More likely, we would like a simple linear regression—i.e., trend lines. For this we just need to override the default and tell is to use R’s lm function:

iris_plot + geom_point() + geom_smooth(method = "lm")

We might also want to fit an overall trend line, to the pooled data (i.e., without groups). You might be tempted in this case to override the color aesthetic to a constant value. This works, but it’s not ideal. Better:

iris_plot + geom_point() + 
  geom_smooth(method = "lm") +   # per-group trend line
  geom_smooth(method = "lm",  
              color = "black", 
              group = 1,         # pooled; intent is clear
              linetype = 2)

Behind the scenes:

Our color aesthetic controls the group aesthetic in this plot
group is ultimately what determines how the data are split up for computation and plotting
Setting group = 1 makes it crystal clear what we want: a single group for the second geom_smooth.

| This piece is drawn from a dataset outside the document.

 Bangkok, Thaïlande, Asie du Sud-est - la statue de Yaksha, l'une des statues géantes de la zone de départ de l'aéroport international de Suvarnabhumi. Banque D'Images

Finally, we can use any smoothing function we want, including custom ones.

ggplot(iris_long, aes(Sepal, Petal)) + 
  geom_point() +
  geom_smooth(method = "lm") +
  geom_smooth(method = "lm", formula = y ~ poly(x, 2), color = "red")

3. Labels

Labeling your plots well is important.

As we’ve seen, ggplot2 takes its default axis and aesthetic labels from the columns you specify. These are easy to change using the xlab and ylab functions; the ggtitle function is available as well:

iris_plot + geom_point() + 
  geom_smooth() +
  xlab("What is a sepal again?") +
  ylab("Petal (cm)") +
  ggtitle("This is starting to look like a real plot!")

2. Themes

ggplot2’s theme system is powerful and sometimes confusing. Like the rest of the ggplot system, it uses the idea of inheritance: you can apply themes, or aspects of them, to entire plots, sub-elements, or small details, and changes cascade down.

The simplest step is to apply a theme to an entire plot:

Theme examples

theme_gray

iris_plot + geom_point() + theme_gray()

theme_dark

iris_plot + geom_point() + theme_dark()

theme_minimal

iris_plot + geom_point() + theme_minimal()

theme_cowplot

Many more themes are available in other R packages and online repositories:

library(cowplot)
iris_plot + geom_point() + theme_cowplot()

theme_economist

Many more themes are available in other R packages and online repositories:

library(ggthemes)
iris_plot + geom_point() + theme_economist()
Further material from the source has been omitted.